Q: Did they still have the big cottonwood trees on Main Street when you were a child and do you remember them cutting them down?

A: Yes I do. I sure miss that big tree up here that’s been gone a couple of years. They used to have town picnics up here in the area where the ostriches are. Do you know where they are? (indicating area on 4th East near Millcreek Drive and the current Grand Co. High school) They’d have town picnics for everybody in the whole valley would go up and they’d have games and they’d have their ice cream and everybody would turn the ice cream freezer. Everybody and their kids would go.

Q: Was there a park there?

A: Oh, just those big cottonwood trees and along the creek.

Q: What would they do at this picnic?

A: Oh, they’d have kid races and the men would do horse shoes. You know, all those things that are fun when you’re kids. On Memorial Days everybody took their little wagons and hoes and rakes and walked to the graveyard to clean up the graves.

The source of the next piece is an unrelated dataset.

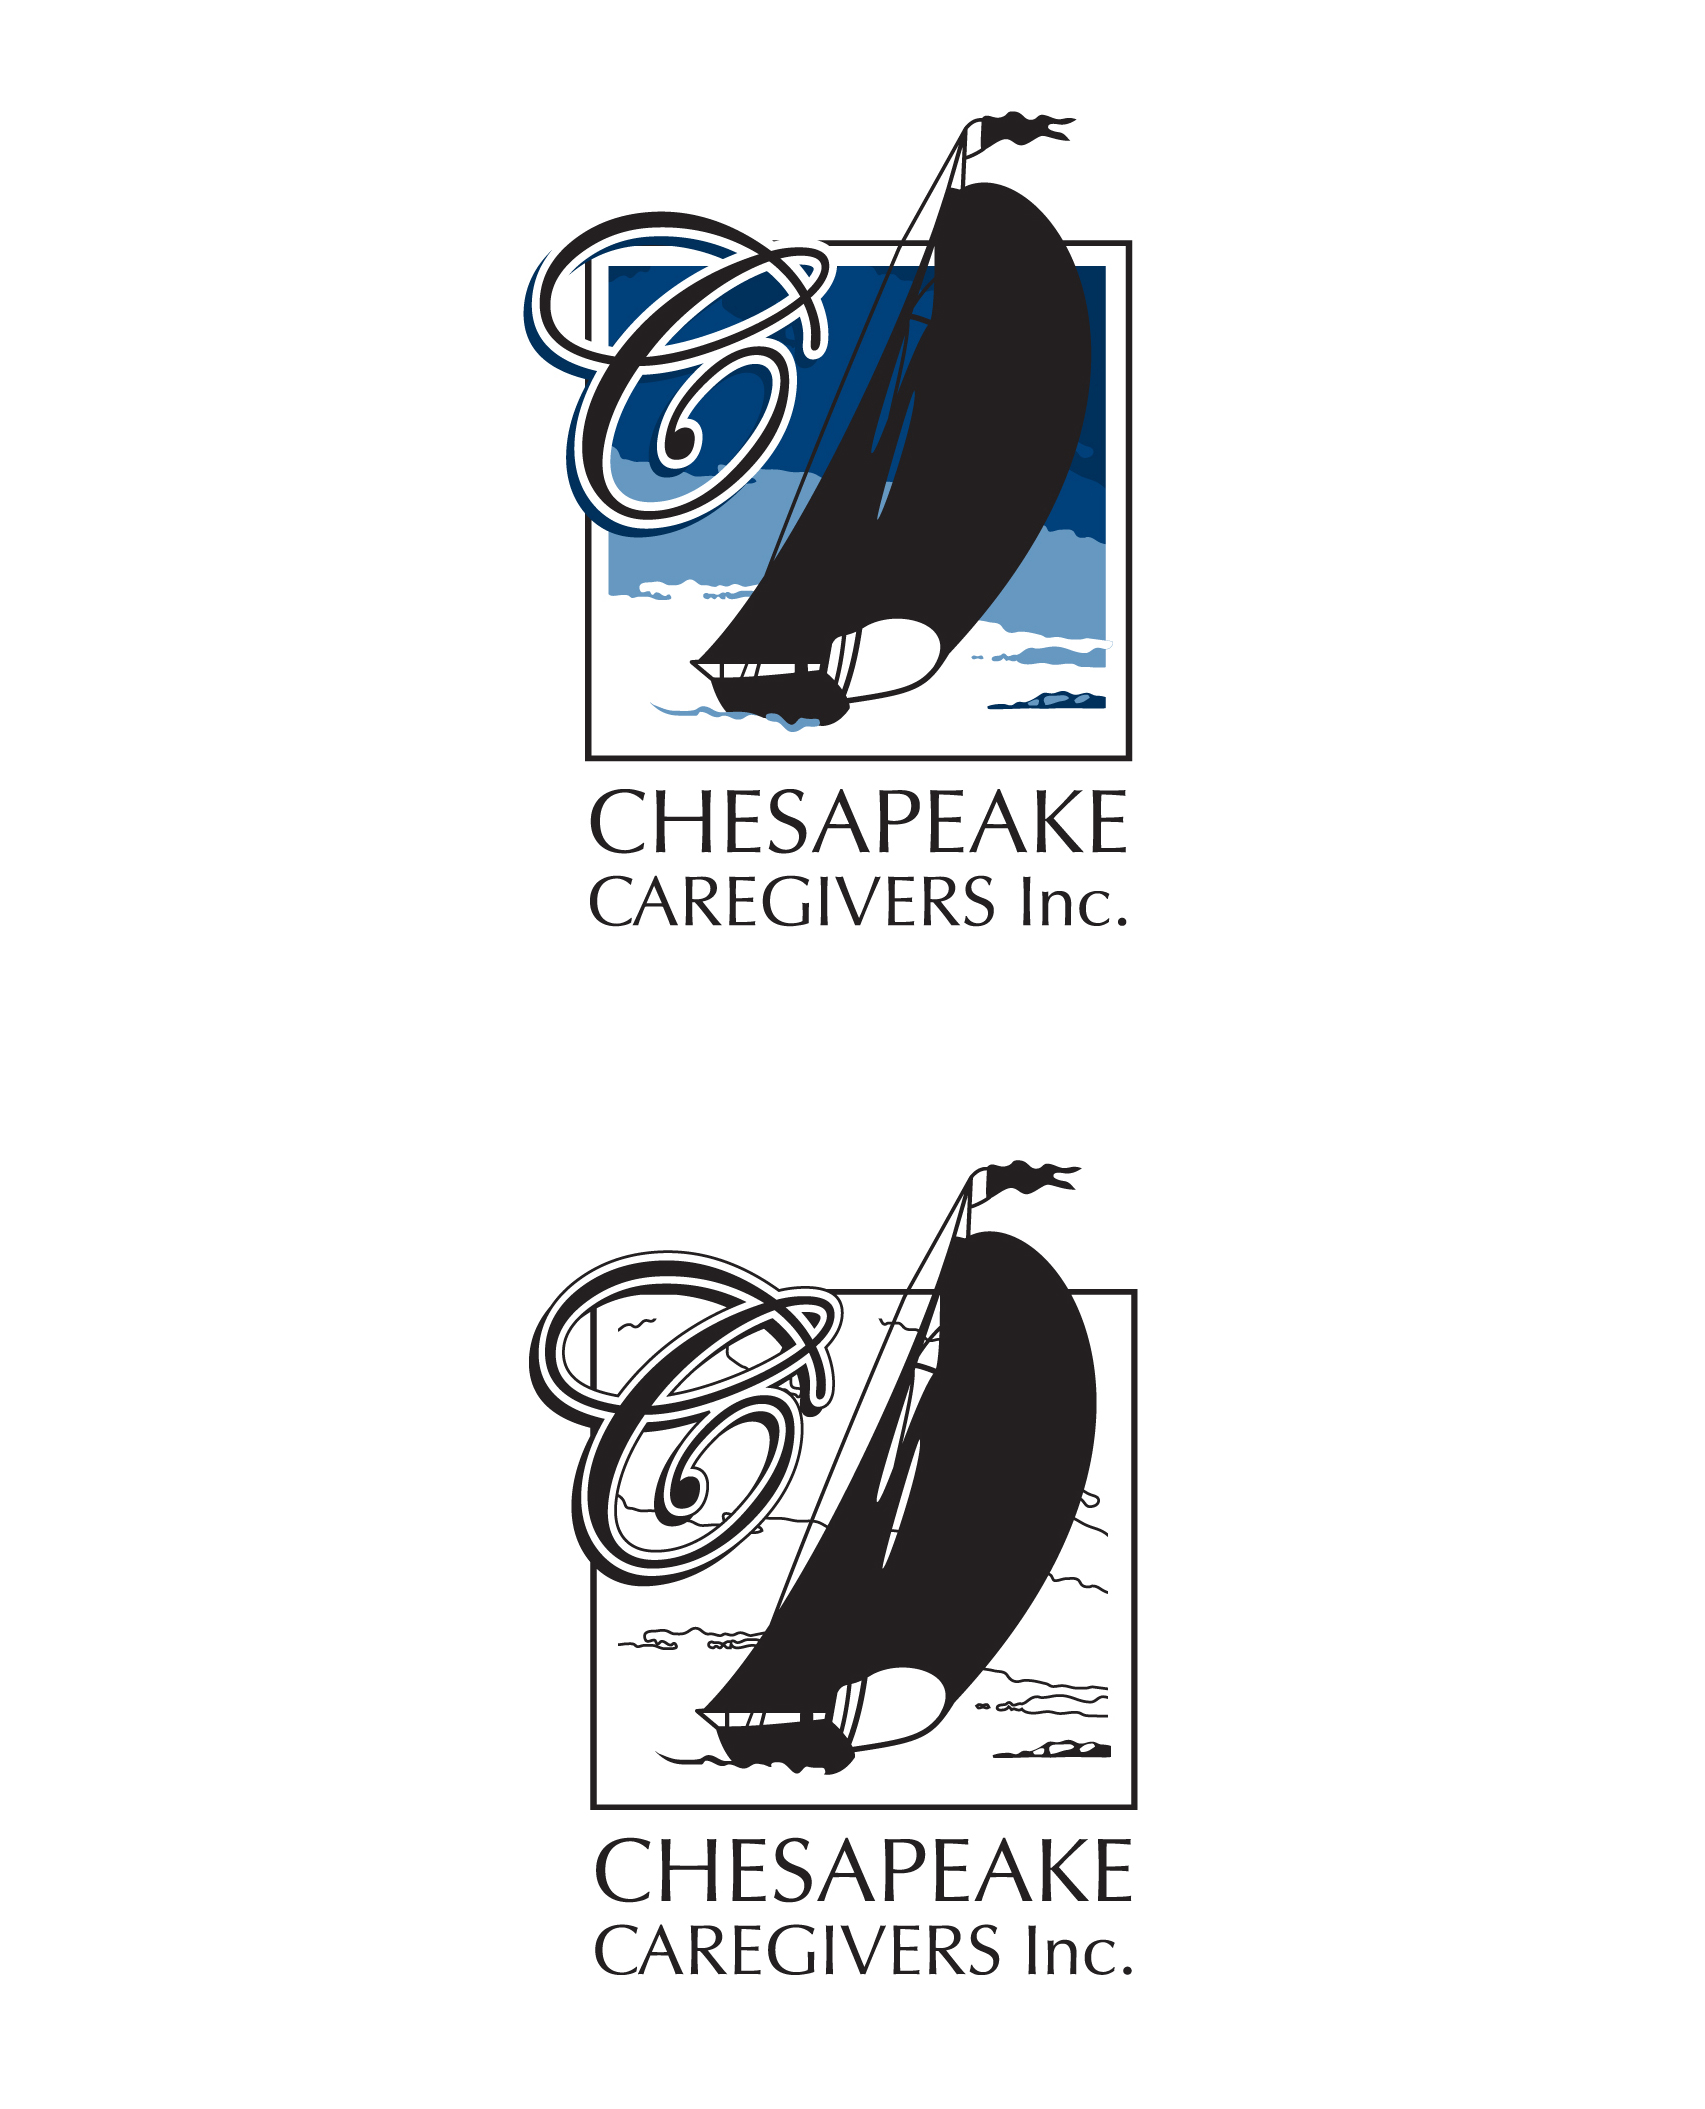 Chesapeake Caregivers, Inc. logo 2

They did all that.

Q: Your mother is buried at the old Grand Valley?

A: Yes. My great-grandparents, my grandfather and grandmother. You know whooping cough used to get so many babies and he had these two babies that were two years apart and in two months he lost both of them to whooping cough. You know whooping cough’s coming back. But they used to lose a lot of babies to that.

Q: Did you have a farm? With farm animals?

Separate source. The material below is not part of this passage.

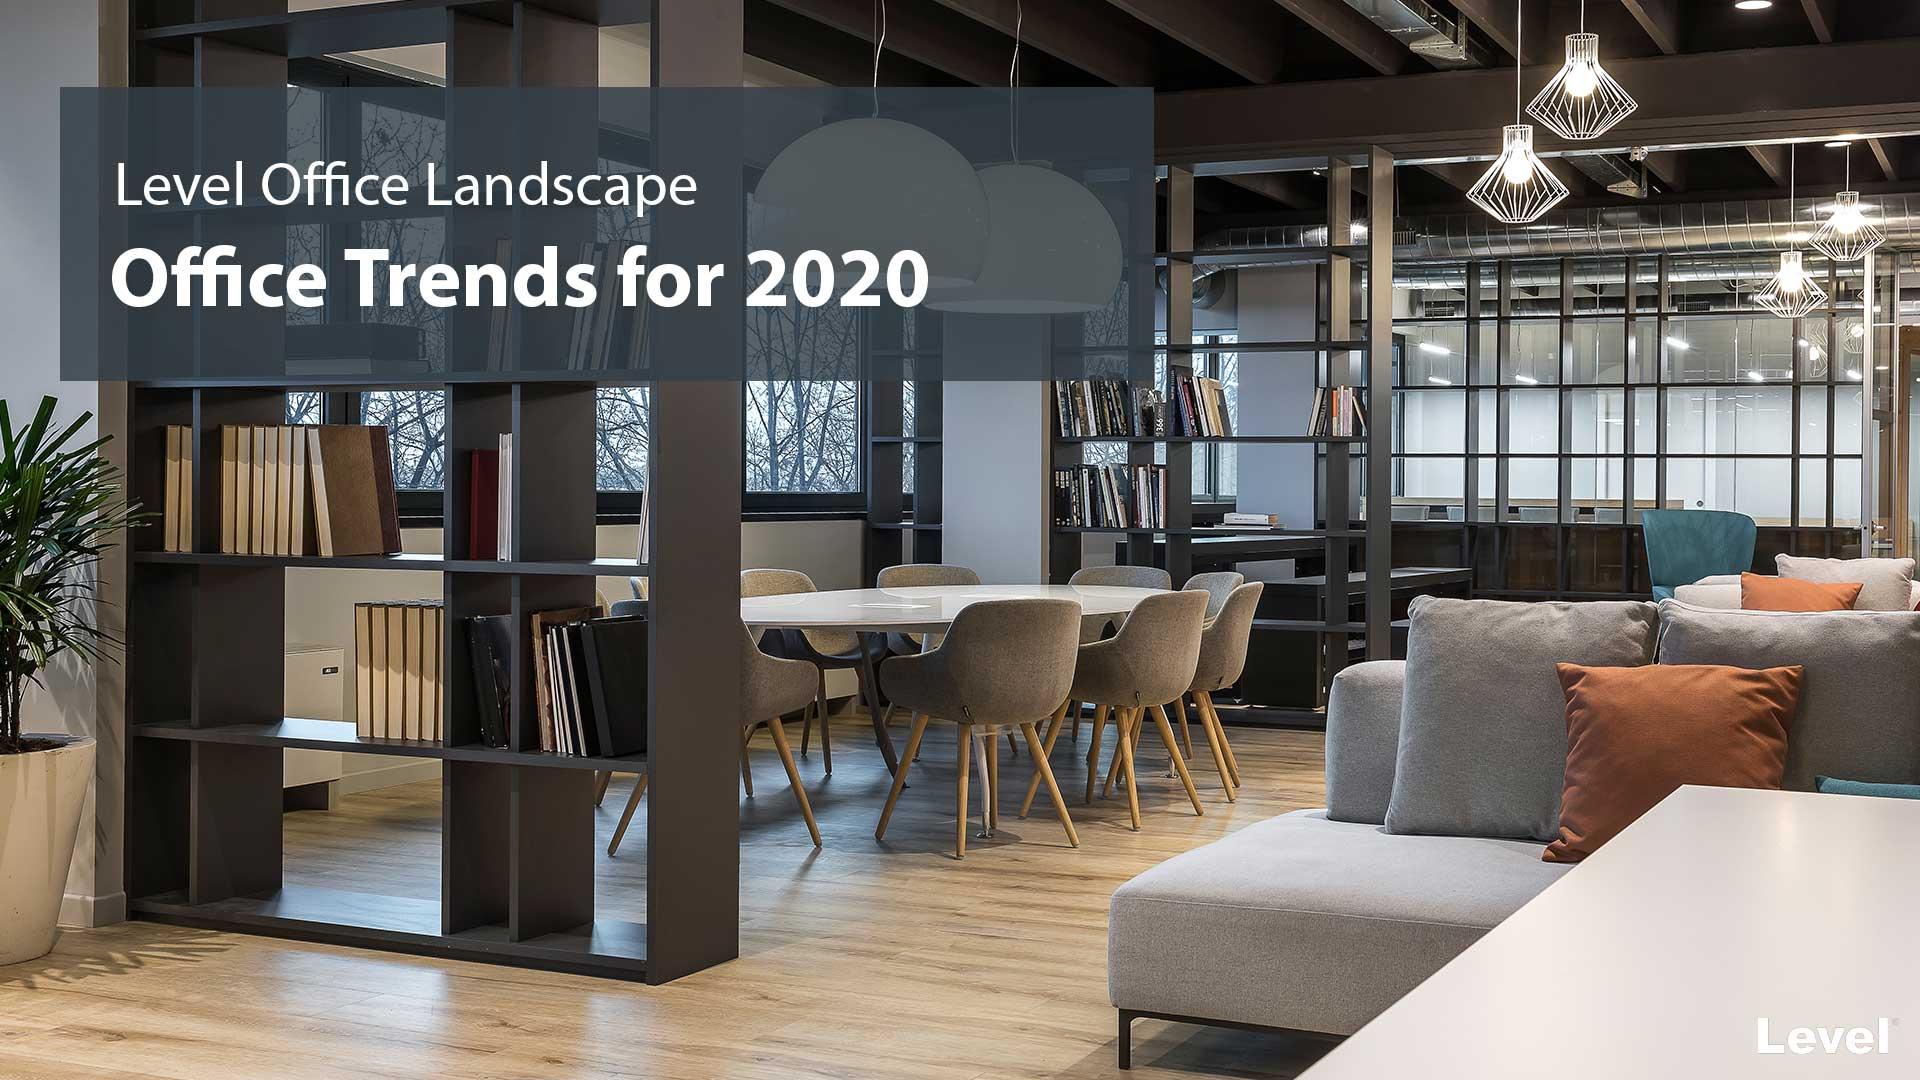 Office-Design-Trends-2020-Level-Office-Landscape

A: We could have all that right here. There was an arroyo that ran right down through and a little stream. It’s hard to believe with it all filled in like that but we had ducks, and of course at that time everybody had a cow in their back yard , pigs and chickens, and we had all those and we had that little stream running down there and we could have those ducks.

Q: Were you responsible for taking care of the farm animals?

A: Some of them. We had chickens and milking the cow

Q: Do you remember any of your school things that were especially important to you as you were growing up? Teachers or events?

A: The school caught fire that one time and that was the biggest fire for everybody and everybody had to get the books out. And then what was really fun was we used to have the May Pole each year. The kids would braid the May Pole. I think kids miss that. And then they used to have dances for the children, a big barrel of lemonade and all the parents would come if they wanted to. We had it in the afternoon, the dance for the children. Other dances at night where whole families would go and that was nice. They’d dance with the little kids and the big kids.

Q: What was school like when you were a girl?

A: My graduating class was sixteen and we just did the usual things. I mentioned the maypole, went on hikes with the school, put on little plays, just the usual.

Q: What were your social events? Theater, Movie Show?

A: If you look outside in the patio and see this green bench right outside there? Well right over here, you know, it used to be called the Woodman Hall, right over here in this building on the corner? (Indicated building on corner of Center Street and First East) That’s where we had the show house and they had benches like that. All the kids and their buddies would sit on the benches like that at the picture show.

Q: How much did it cost to go to those picture shows?

A: I’ve forgotten, I really have. I used to get ice cream cones for a nickel. And we’d have a carnival come in once in awhile. Some of the kids would think that was fun, go down and spin the wheel.